**Your assignment**
The entries below should be quoted exactly, with no pictures carried over.

*** Material for this task

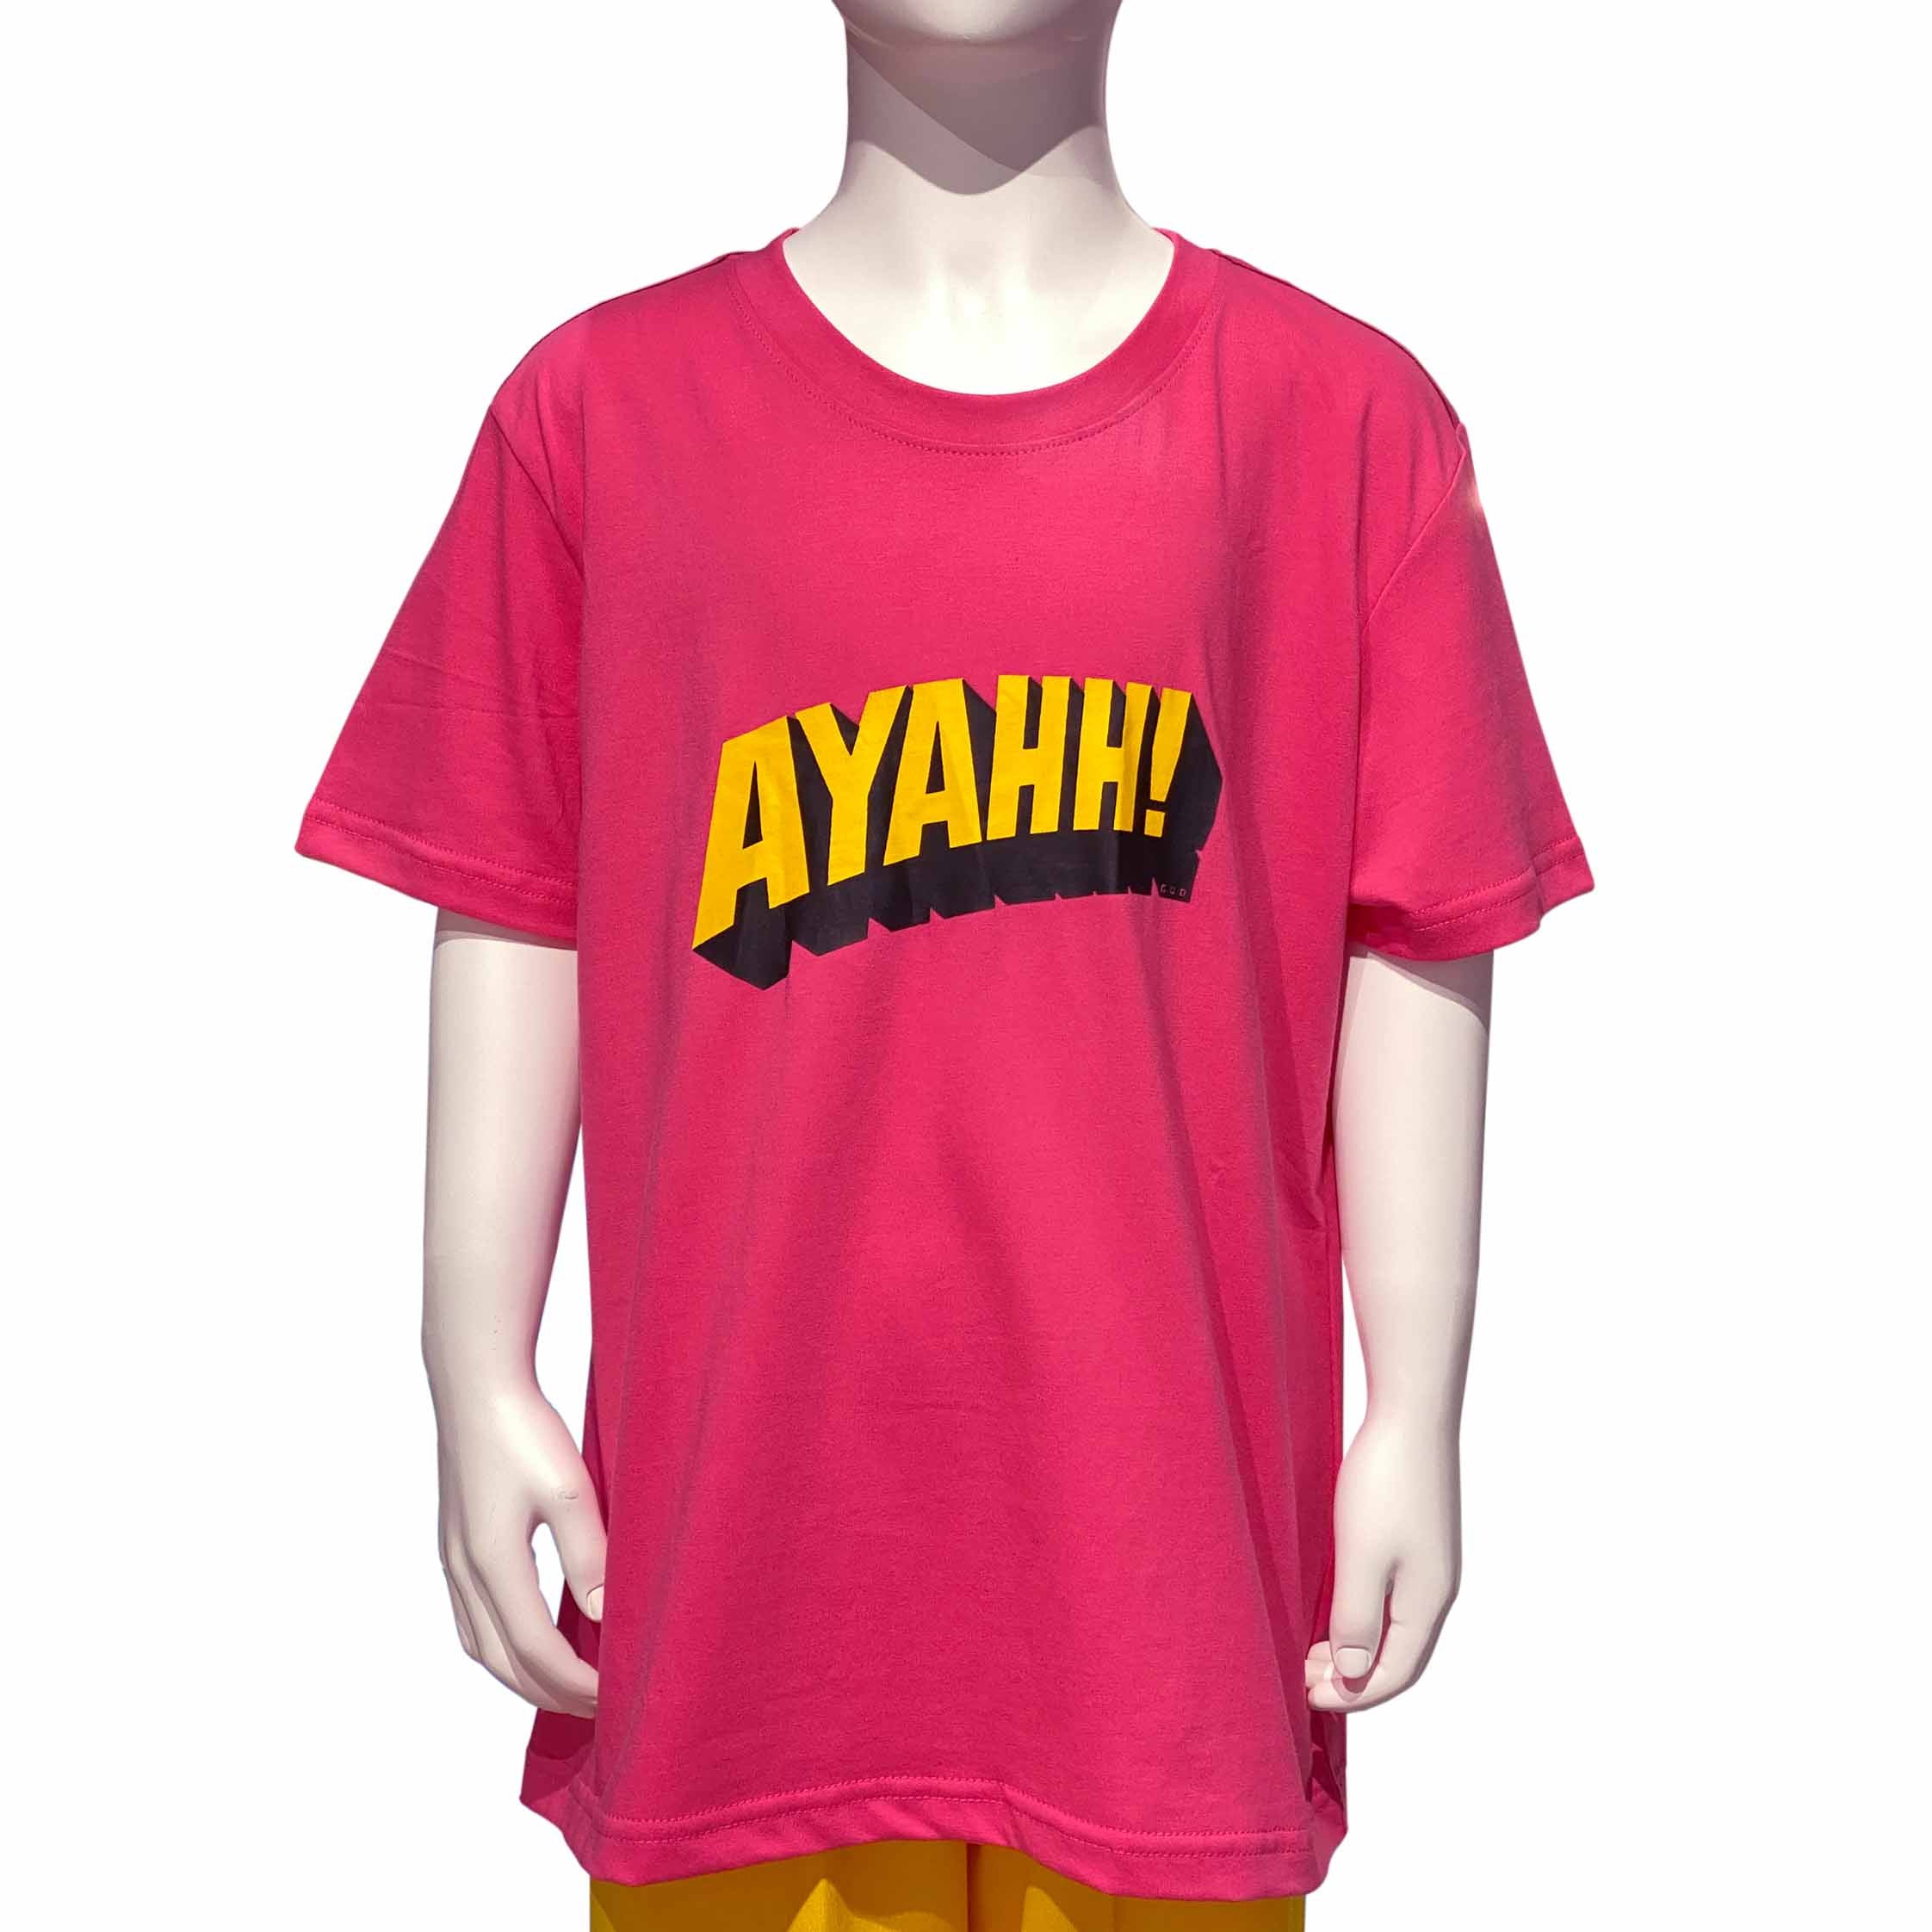 'AYAHH' Kids T-shirt, Coral
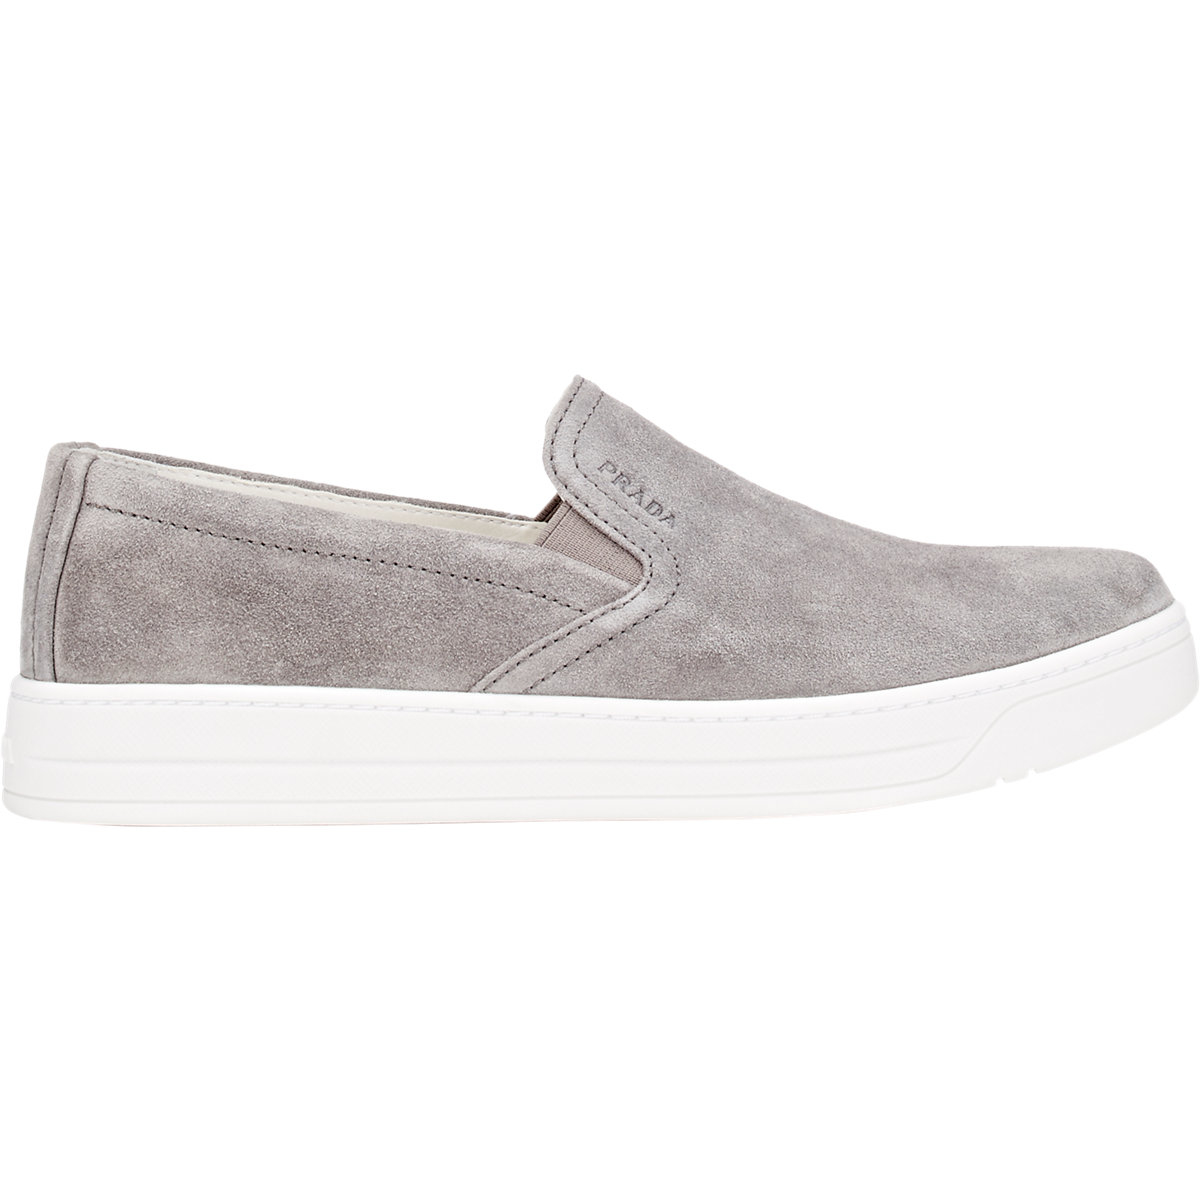 Lyst - Prada Women's Slip-on Sneakers in Gray
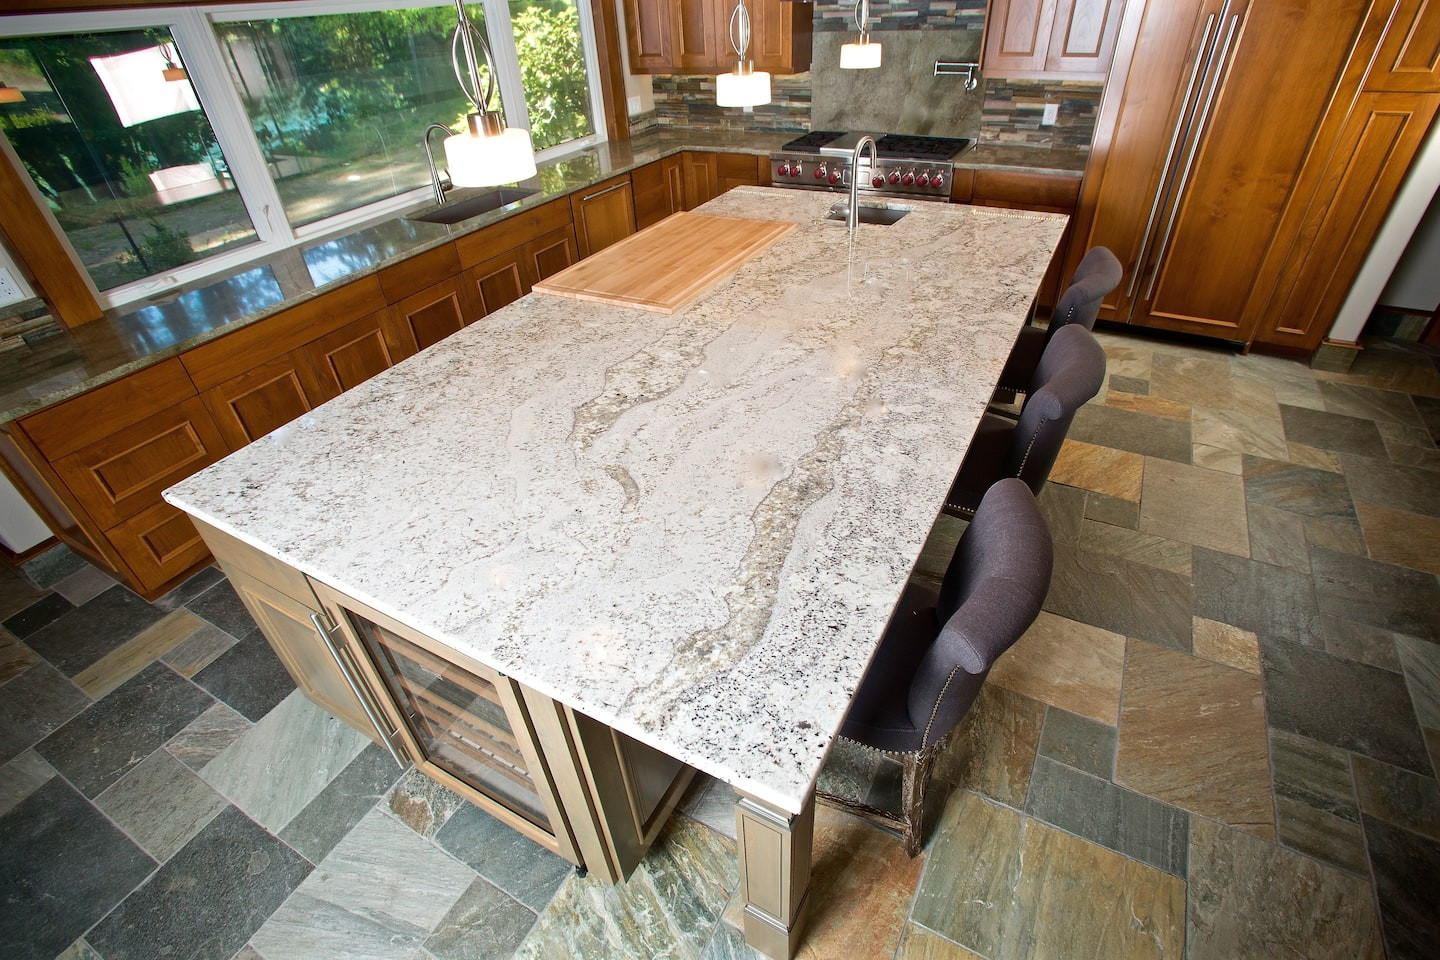 Kitchen Island With Granite Countertop
 Granite Kitchen Countertop Designs and Styles
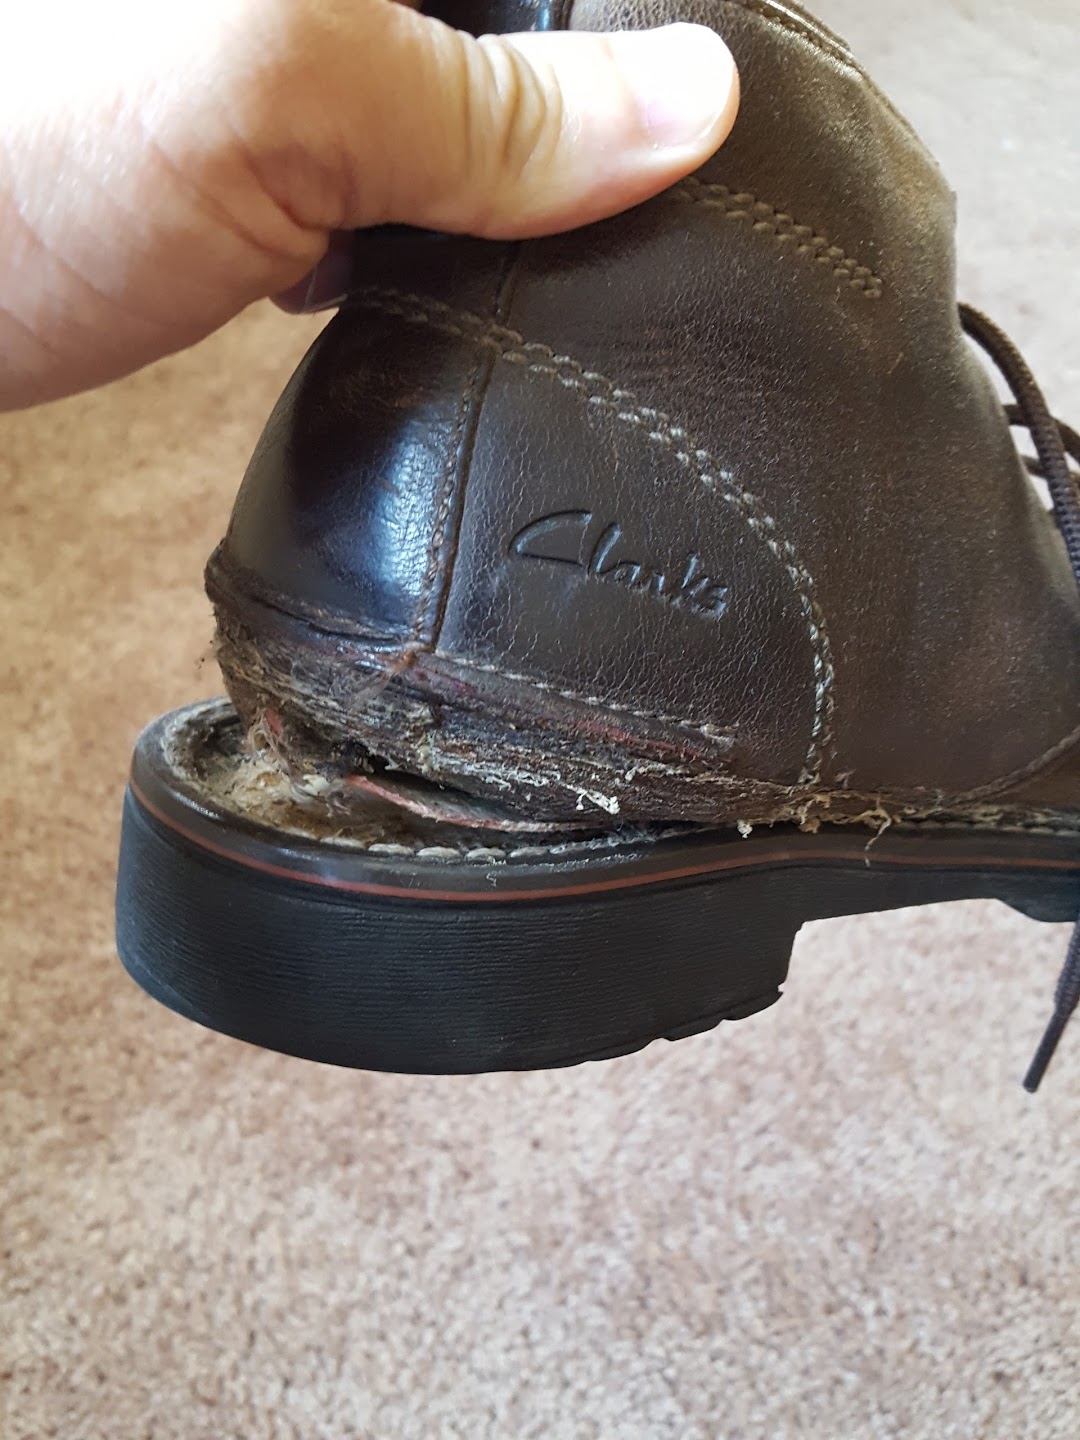 Eddies Shoe Repair

******

**Result of the task**
 'AYAHH' Kids T-shirt, Coral
 Lyst - Prada Women's Slip-on Sneakers in Gray
 Kitchen Island With Granite Countertop
 Granite Kitchen Countertop Designs and Styles
 Eddies Shoe Repair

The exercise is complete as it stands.